Chercher à plaire ou ne pas chercher à plaire, telle est la question.
Profitant d'un dimanche à peu près calme, j'ai passé un moment avec ma fille ainée, qui me tannait depuis des lustres enregistrer un morceau. Au programme, une chanson très confidentielle d'une artiste qui l'est encore plus: "Bruxelles Je t'aime" d'Angèle. M'apercevant rapidement que la tonalité de base allait être trop grave pour la voix de ma fille, je décide de faire une version piano, pour laquelle je cherche donc les accords. Stupeur (et tremblements): le morceau tourne sur 4 accords, en boucle. Dm / G / C / F (ré mineur, sol majeur, do majeur, fa majeur) pendant 3'30.
Comme à chaque fois que je tombe sur des tubes radio avec ce genre de suite d'accords (les accords magiques qu'on nous ressort à toutes les sauces, comme dirait l'autre), une phase de questionnement s'enclenche quasi-immédiatement: faudrait-il simplifier nos morceaux ?
Quand je compose une chanson - quel que soit le point de départ, je finis irrémédiablement par chercher à amener une certaine complexité harmonique. Que ce soit avec des accords enrichis ou empruntés à d'autres gammes, avec des structures pas forcément classiques, je suis toujours un peu gêné quand la chanson se résume à 3 accords tout simples. La magie (pour moi) c'est de parvenir à créer des chansons populaires, dans lesquelles on entre facilement, mais qui ont aussi un intérêt théorique, musical.
Les Beatles en sont un excellent exemple. Réussir ce tour de force d'être un boys band repris par Brad Meldhau, c'est quelque chose. Pas plus tard qu'hier, je tombe sur l'excellent Rick Beato, un stakhanoviste de la théorie, citant "A Day in a Life" dans une vidéo pour montrer comment la théorie avancée peut servir la musicalité.
Aussi, quand je tombe sur Angèle, je me dis "pourquoi s'embêter ?" (poliment). D'ailleurs, avec Puzzle, un de nos objectifs est de se faire plaisir avant tout. J'ai payé assez de psy pour savoir qu'on ne plaira pas à tout le monde.
En outre, si les seuls musiciens reconnus devaient être ceux qui proposent des choses "techniques" ou qui en repoussent les limites comme un scientifique étend le champ de connaissance de son domaine, nous n'avons aucune chance. Entre les jazzmen, les musiciens classiques ou contemporains, nous n'avons en comparaison rien à apporter d'enrichissant à la musique en tant que champ de recherche.
Ce n'est d'ailleurs pas notre but. Nous avons pris le parti d'essayer de faire des chansons populaires, qui touchent des gens. Bêtement.
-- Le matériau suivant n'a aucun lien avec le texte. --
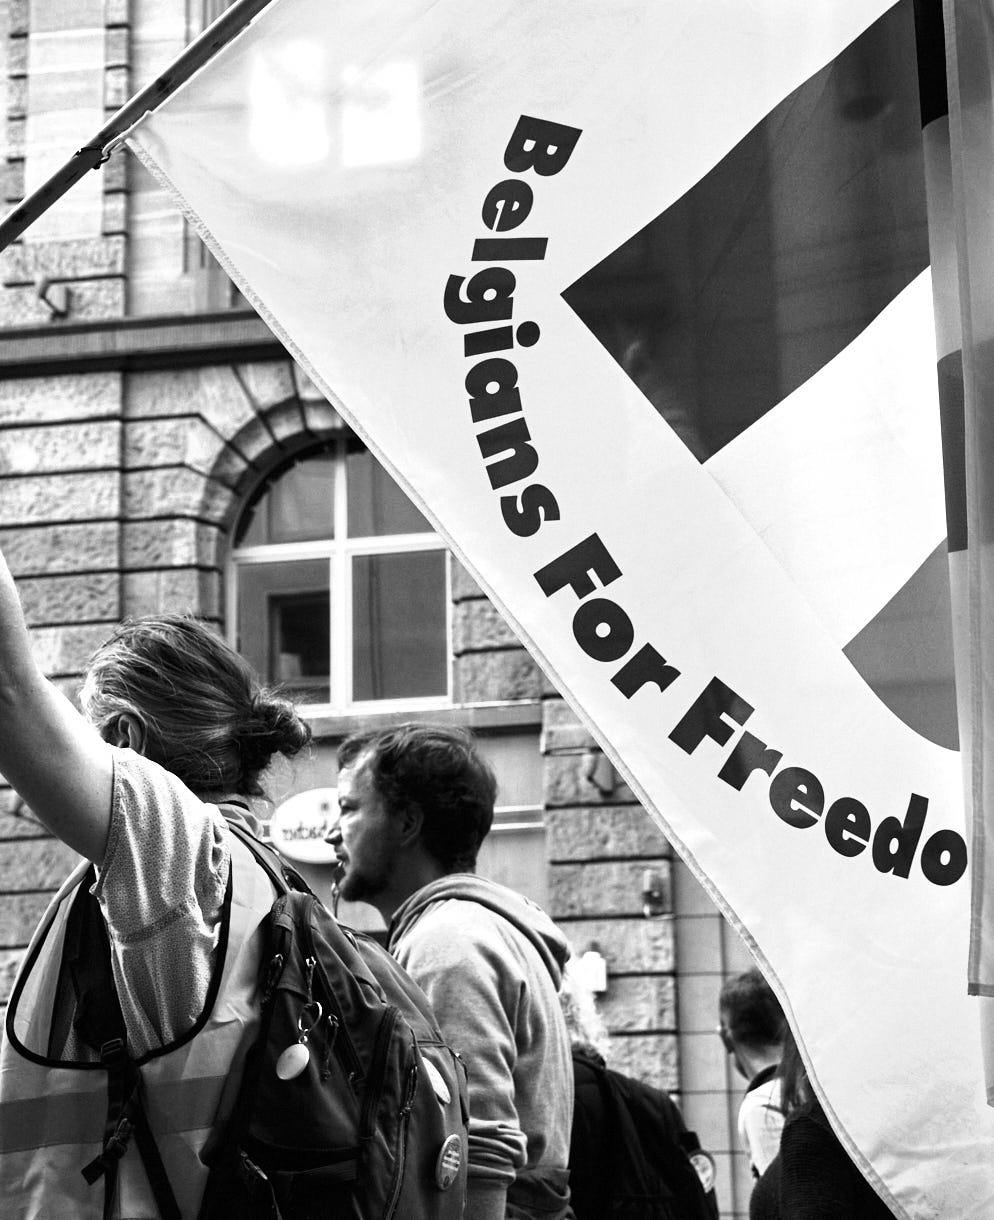 H.Schiele: Bilderserie von der "Europeans United" - Demo in Frankfurt, 22. Oktober 2022

Seulement voilà, dans ce processus de développement de ce groupe, nous avons évidemment envoyé notre candidature à certains dispositifs d'accompagnement. La réponse qui revient le plus est - je résume - "c'est bien fait, c'est bien produit, ça fonctionne, mais c'est déjà un peu entendu".
Alors du coup ? On fait quoi ?
Est-ce qu'on veut "percer" ou simplement "se faire plaisir" ? Est-ce qu'on décide de ne tenir compte d'aucun avis en faisant ce qu'on a envie de faire ou on essaye quand même de respecter certaines règles quite à négocier un peu avec nos ambitions artistiques ? En parallèle de ces questions philosophiques se posent des contraintes très concrètes: on parle par exemple d'investir pour le premier disque quasiment 20 000€. Une belle somme pour simplement "se faire plaisir".
Je n'ai pas de réponse à cette question. J'écris ici un peu comme je réfléchirais à haute voix (ce qui est un peu le but de ce journal). Evidemment, si la réponse existe, j'imagine qu'elle doit être quelque part entre les deux.
Il y a d'ailleurs des morceaux voire des projets entiers, très commerciaux que je trouve absolument supers, et des choses très barrées - pourtant musicalement extrêmement intéressantes - que je trouve inécoutables. Impossible de ne pas mettre de subjectif là-dedans.
Je crois que nous allons simplement continuer à faire ce qui nous plait tout en étant prêt à faire les choses d'une manière qui favorisera le plus possible l'émergence du projet. L'essentiel étant probablement de rester fiers de ce qu'on produit. Capable d'écouter nos morceaux en se regardant dans la glace, en somme.
Et puis de toute façon, si ça ne marche pas, j'accompagnerai ma fille en tournée. Et comme vous demandez un extrait de ce qu'on a enregistré (si, si, je vous entends), en voilà un petit bout. Là, pas de doute, ni de subjectif, c'est super. Evidemment, c'est ma fille.